> **Work instructions**
The pictures are to be left out when the listing below is reproduced word for word.

> **Information shown**
=== Section Start ===
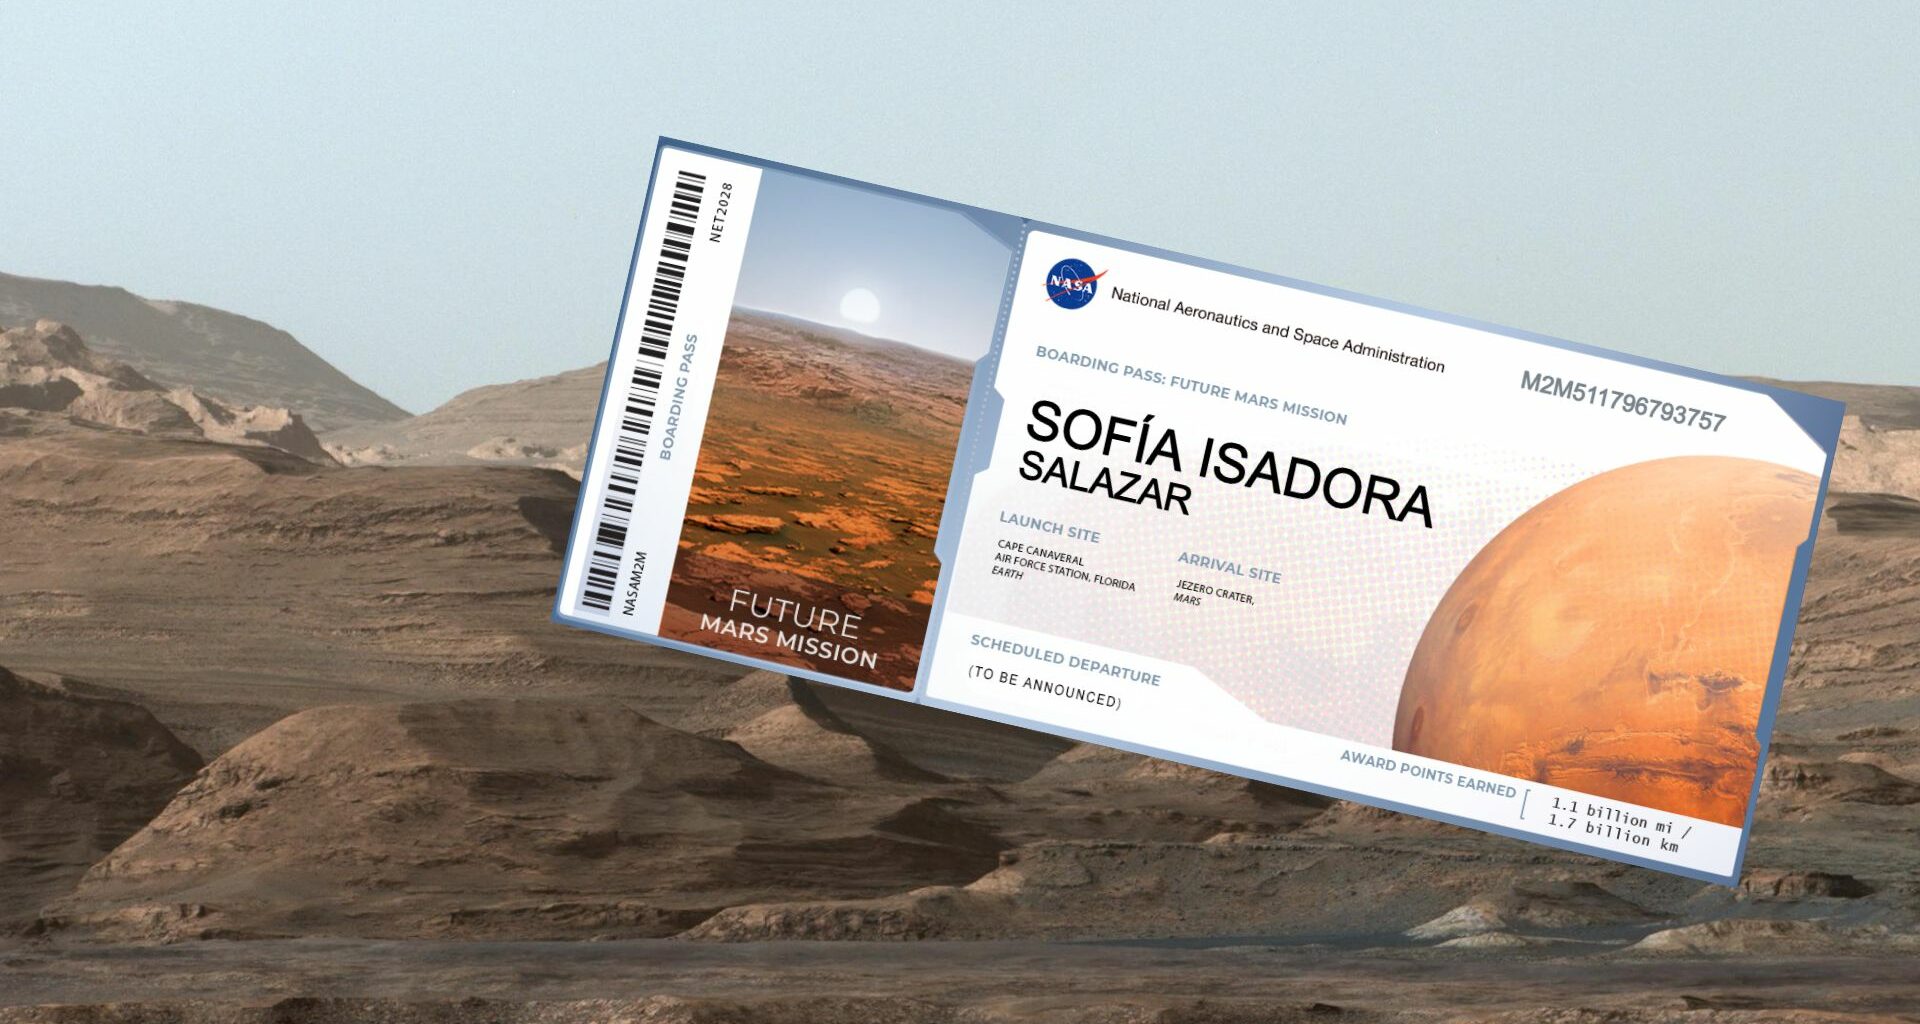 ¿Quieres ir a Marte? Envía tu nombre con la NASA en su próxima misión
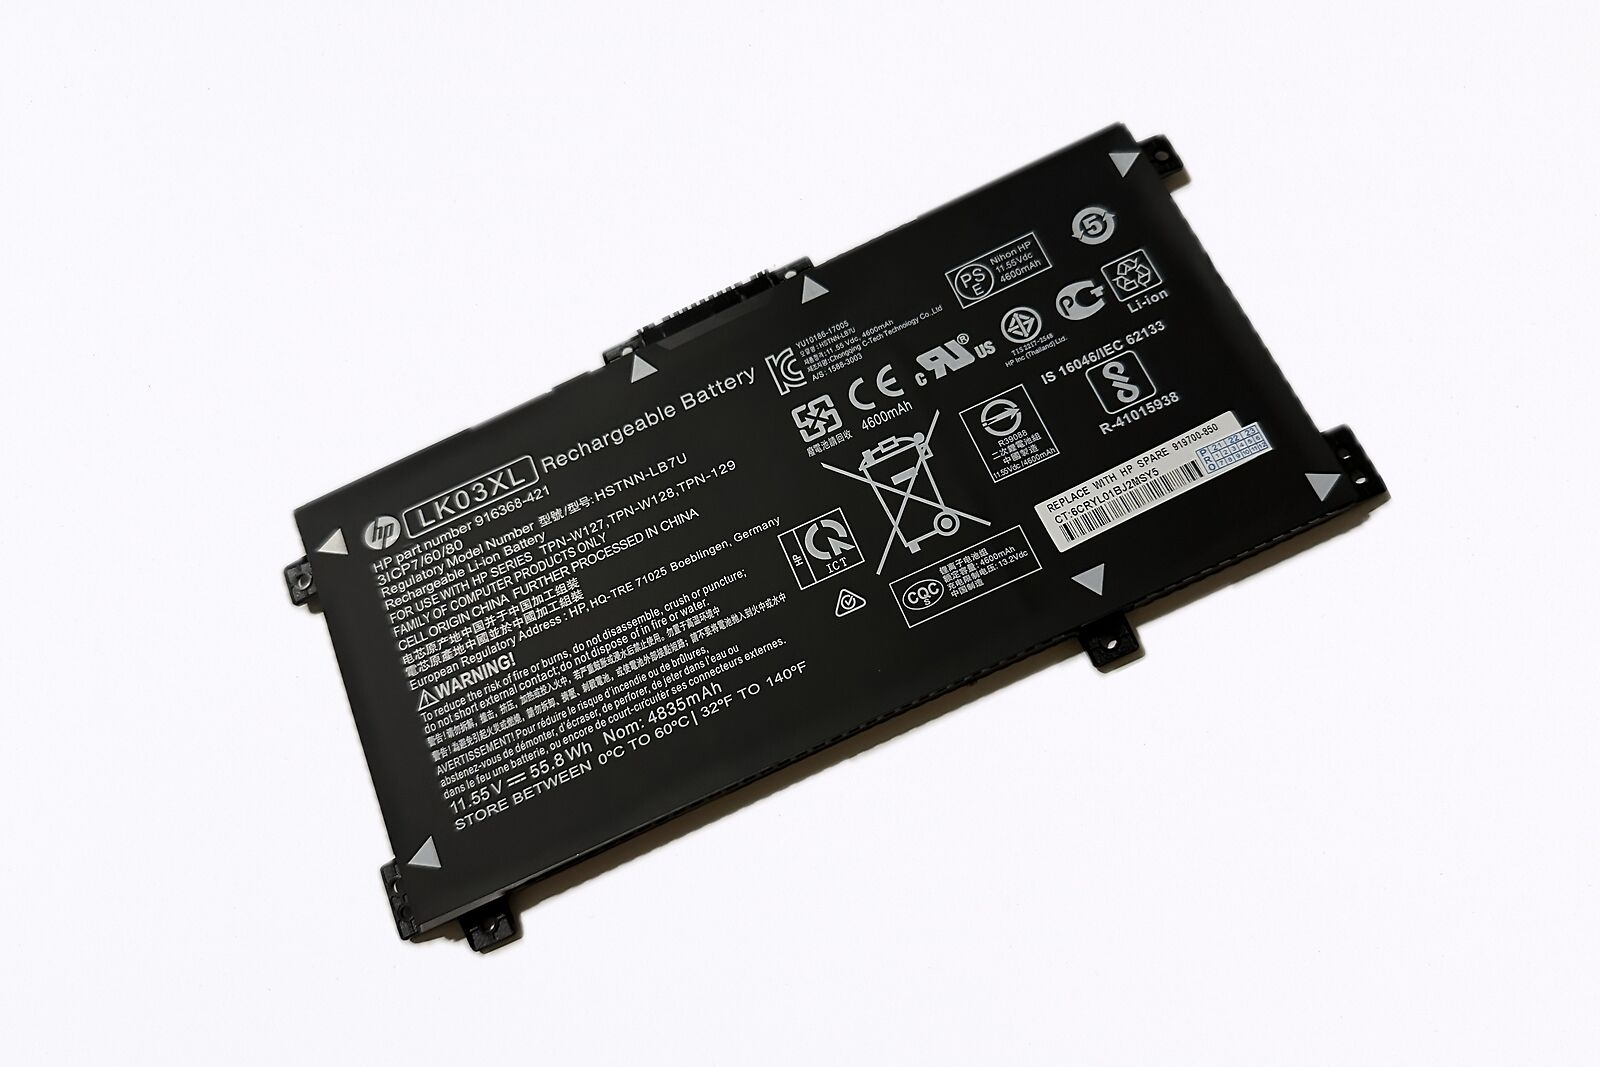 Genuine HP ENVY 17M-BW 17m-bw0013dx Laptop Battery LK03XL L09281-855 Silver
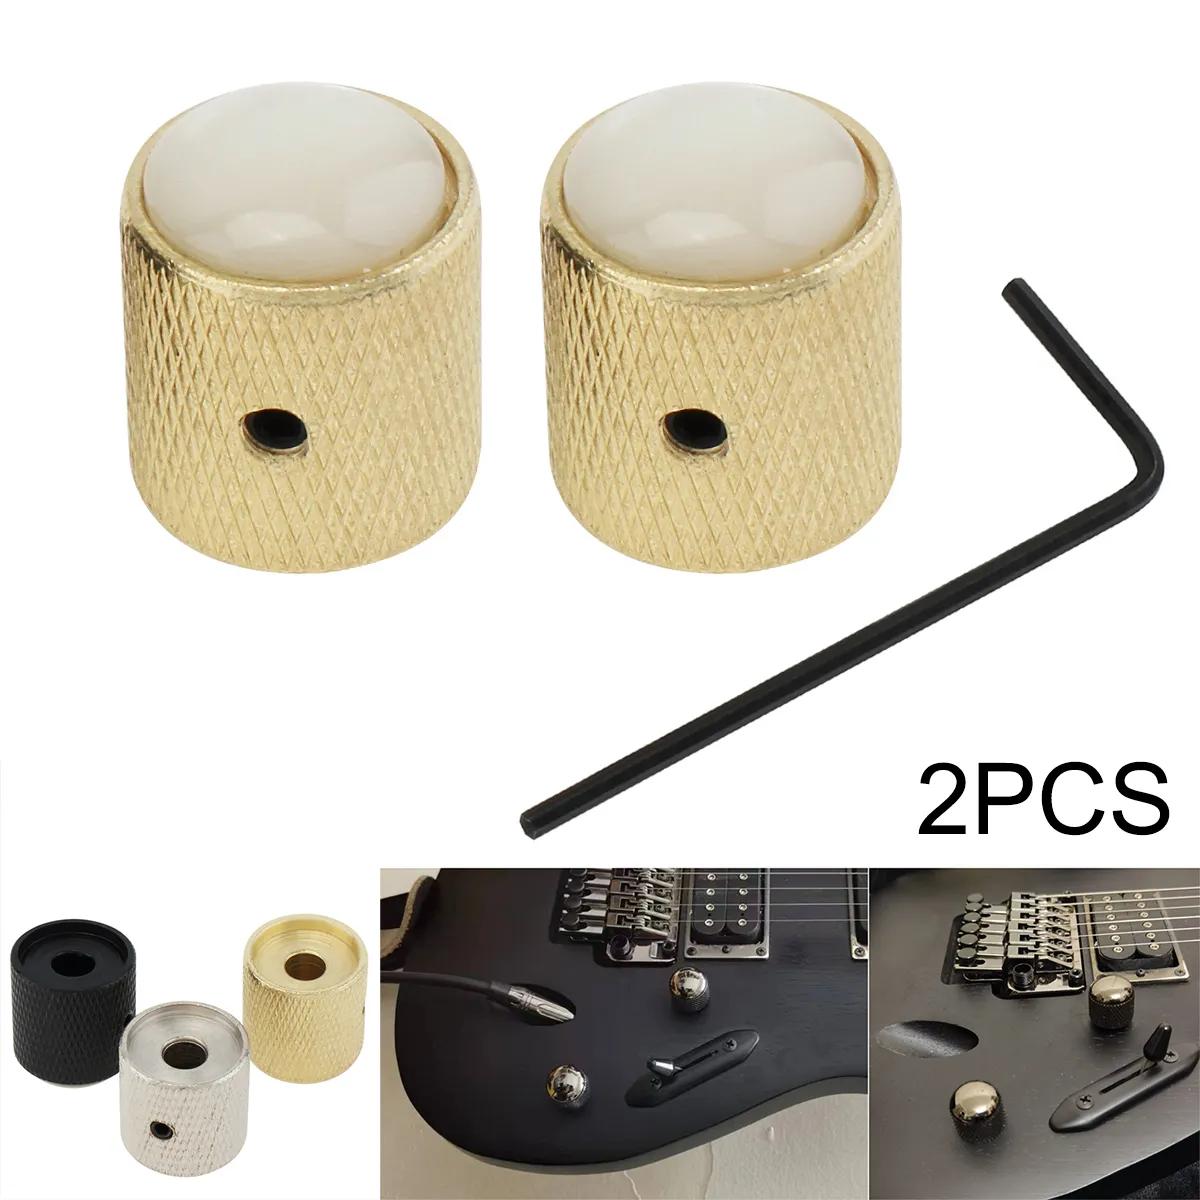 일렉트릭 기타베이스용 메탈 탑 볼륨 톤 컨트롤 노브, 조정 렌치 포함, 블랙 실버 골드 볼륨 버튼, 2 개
=== Section End ===
> **Answer space**
 ¿Quieres ir a Marte? Envía tu nombre con la NASA en su próxima misión
 Genuine HP ENVY 17M-BW 17m-bw0013dx Laptop Battery LK03XL L09281-855 Silver
 일렉트릭 기타베이스용 메탈 탑 볼륨 톤 컨트롤 노브, 조정 렌치 포함, 블랙 실버 골드 볼륨 버튼, 2 개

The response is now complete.